Namun, pada tingkat modul teknologi tertentu - samasatuan pencairan-? kepintaran? sering kali bergantung pada keandalan sensor di zona kriogenik. Sensor tekanan atau suhu murah cepat rusak dan menghasilkan data yang salah. Anda harus menginstal sistem duplikat atau menggunakan metode tidak langsung untuk menghitung parameter. Saya melihat bagaimana di sebuah pabrik kecil mereka mencoba membangun model digital untuk mengoptimalkan pengoperasian turboexpander. Modelnya bagus, namun perkiraannya selalu menyimpang dari kenyataan karena komposisi gas umpan yang mengambang. Akibatnya, operator lebih mengandalkan pengalaman dan pengukuran utama mereka sendiri, dan menggunakan model tersebut sebagai alat referensi.
Mengintegrasikan peralatan dari pemasok yang berbeda adalah masalah tersendiri. Protokol komunikasi, level sinyal... Seringkali integrator Tiongkok lebih suka bekerja dengan sekelompok produsen sistem kontrol lokal yang sudah terbukti, meskipun perangkat keras mereka sedikit lebih rendah daripada rekanan asing mereka.
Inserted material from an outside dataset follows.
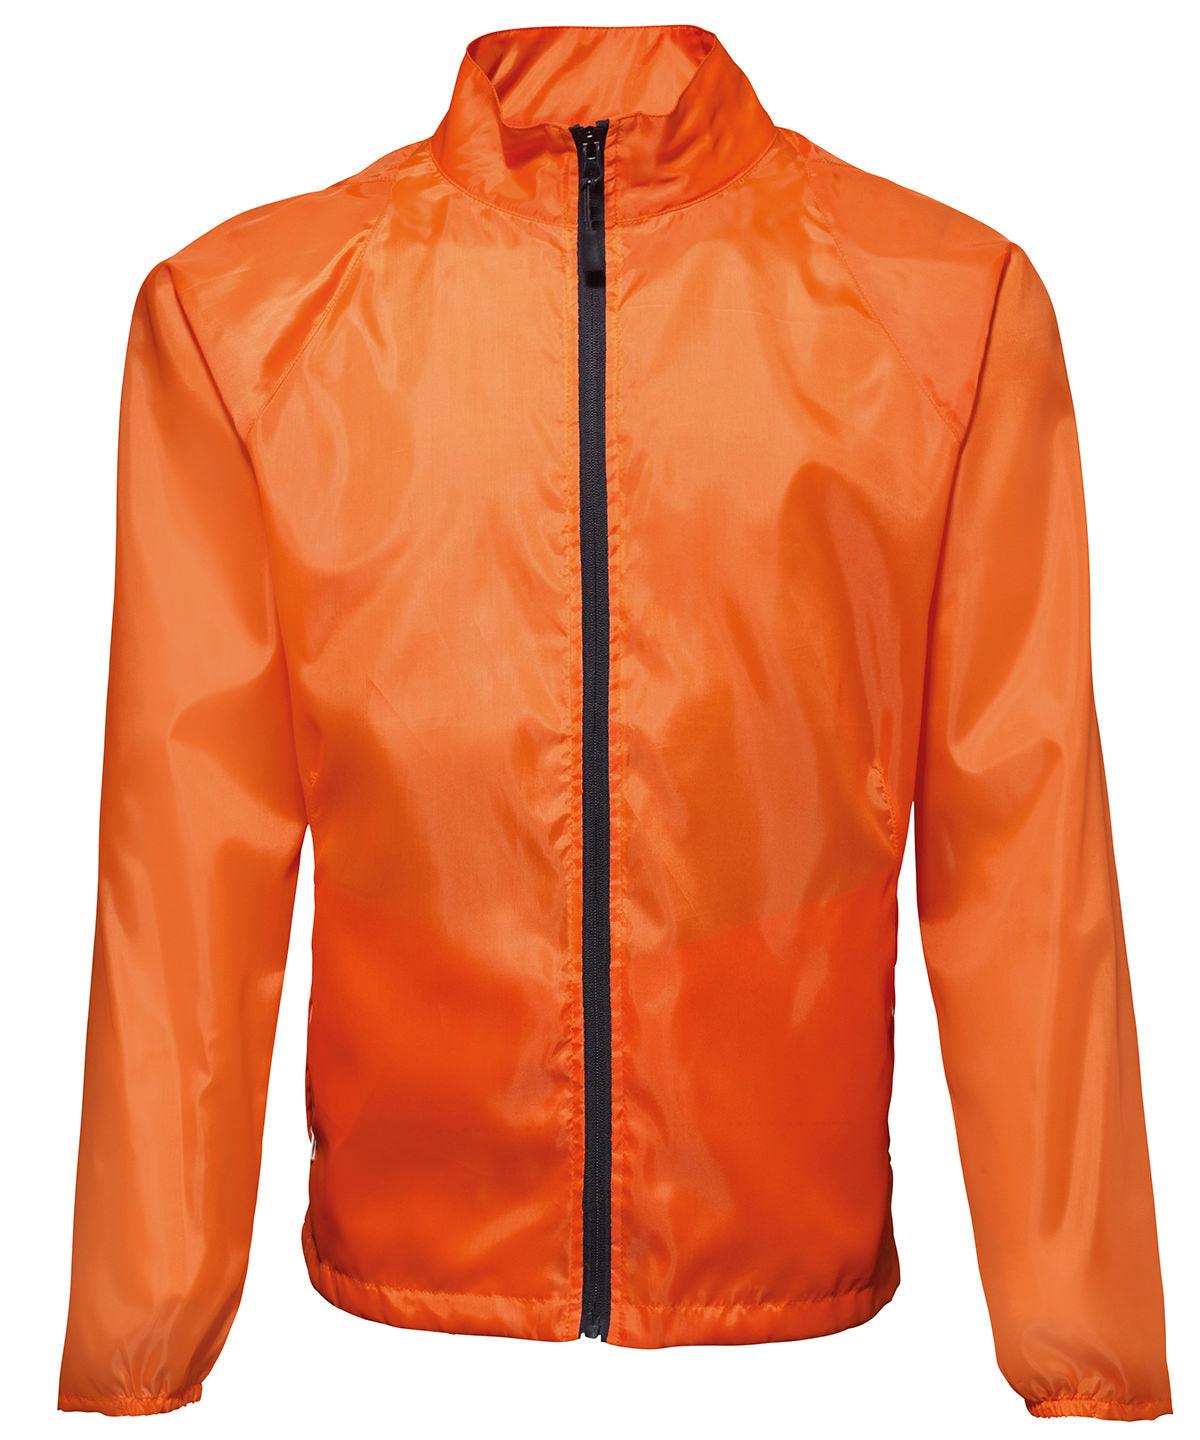 Orange/Black - Contrast lightweight jacket Jackets 2786 Alfresco Dining, Camo, Jackets & Coats, Lightweight layers, Rebrandable, S/S 19 Trend Colours Schoolwear Centres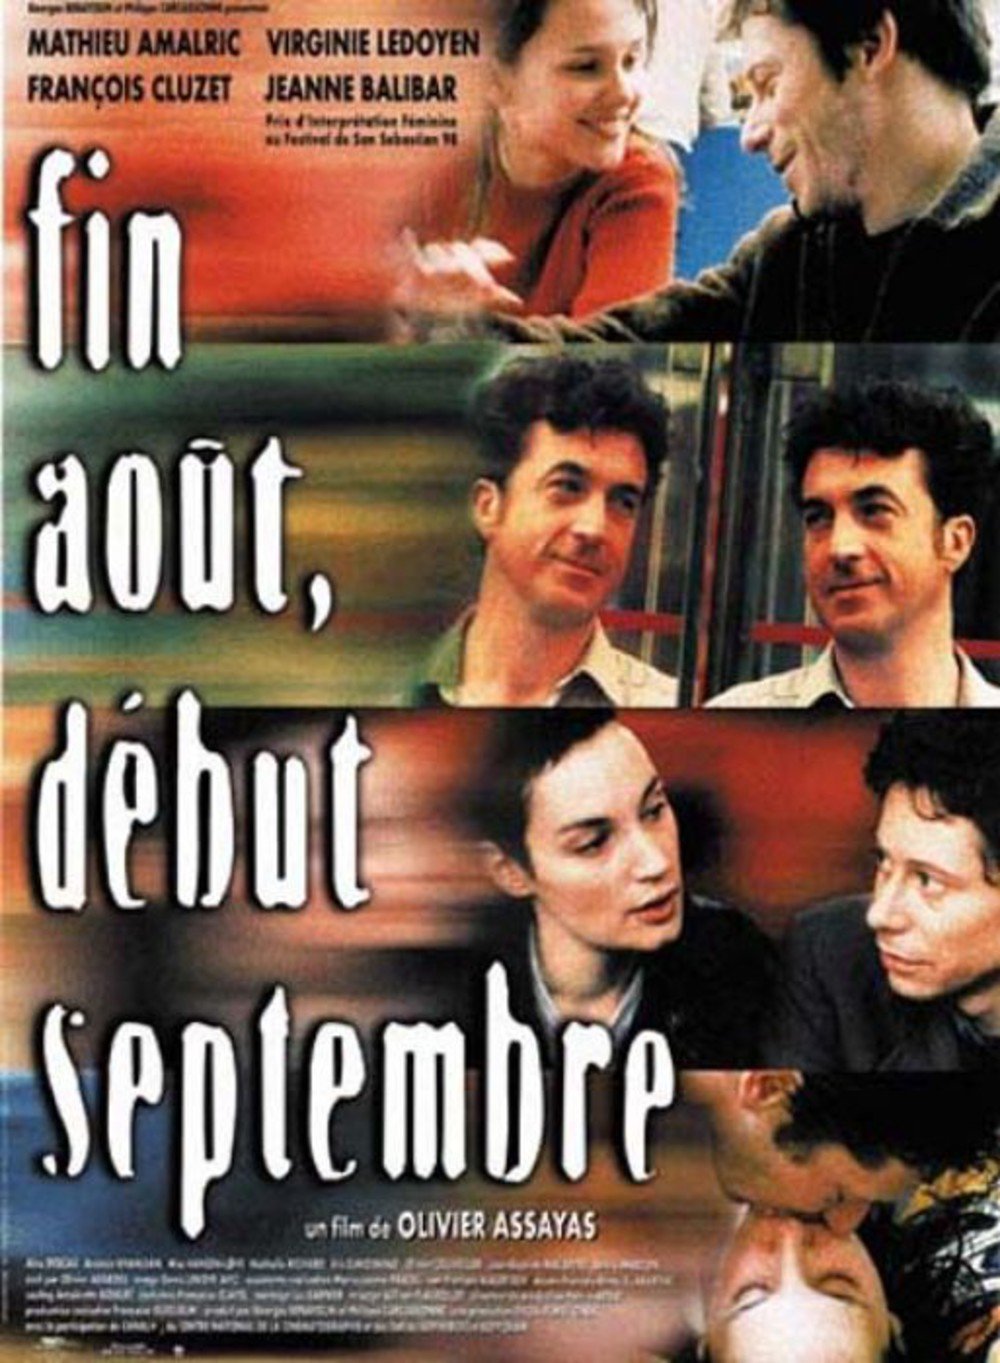 Poster of the movie Fin août, début septembre

Karena jika terjadi masalah, seorang insinyur dapat tiba di lokasi dalam waktu 24 jam, dibandingkan menunggu spesialis dari luar negeri selama dua minggu. Ini adalah kompromi praktis antara kelompok “yang paling maju”? dan “yang paling berhasil?”.
Kemana perginya semuanya? Selain pemasaran, trennya mengarah pada keberlanjutan dan fleksibilitas. Bukan karena kapasitas unit yang mencapai rekor, tetapi karena modularitasnya, yang memungkinkan produksi ditingkatkan selangkah demi selangkah. Dan untuk pemanfaatan aliran panas secara mendalam dalam rantai teknologi.
Salah satu cara yang menjanjikan namun sulit adalah integrasi produksi LNG dengan sumber energi terbarukan. Misalnya saja memanfaatkan kelebihan listrik dari turbin angin untuk menggerakkan penggerak kompresor listrik. Masalahnya adalah ketidakstabilan energi tersebut. Secara teknis, hal ini memerlukan sistem buffer dan logika kontrol yang kompleks. Untuk saat ini, ini lebih seperti proyek percontohan, namun menentukan vektornya. Perusahaan yang mempunyai pengalaman dalam desain fasilitas kimia dan energi terpadu mungkin mempunyai keuntungan dalam hal ini.
Akibatnya, berbicara tentang teknologi dan ekologi Tiongkok di bidang LNG, tidak mungkin memberikan penilaian yang jelas. Ini adalah lanskap yang dinamis dan terkadang kacau di mana solusi-solusi terobosan hidup berdampingan dengan pragmatisme konservatif. Keberhasilan suatu proyek sering kali tidak bergantung pada satu teknologi super, tetapi pada kemampuan untuk merakit teka-teki dari perangkat keras yang andal, otomatisasi yang disesuaikan, dan, yang paling penting, dukungan layanan yang memahami esensi proses dan tidak sekadar mengganti bagian sesuai instruksi. Menurut pendapat saya, pendekatan yang komprehensif dan membumi inilah yang kini menjadi ciri dan kekuatan utama pasar lokal.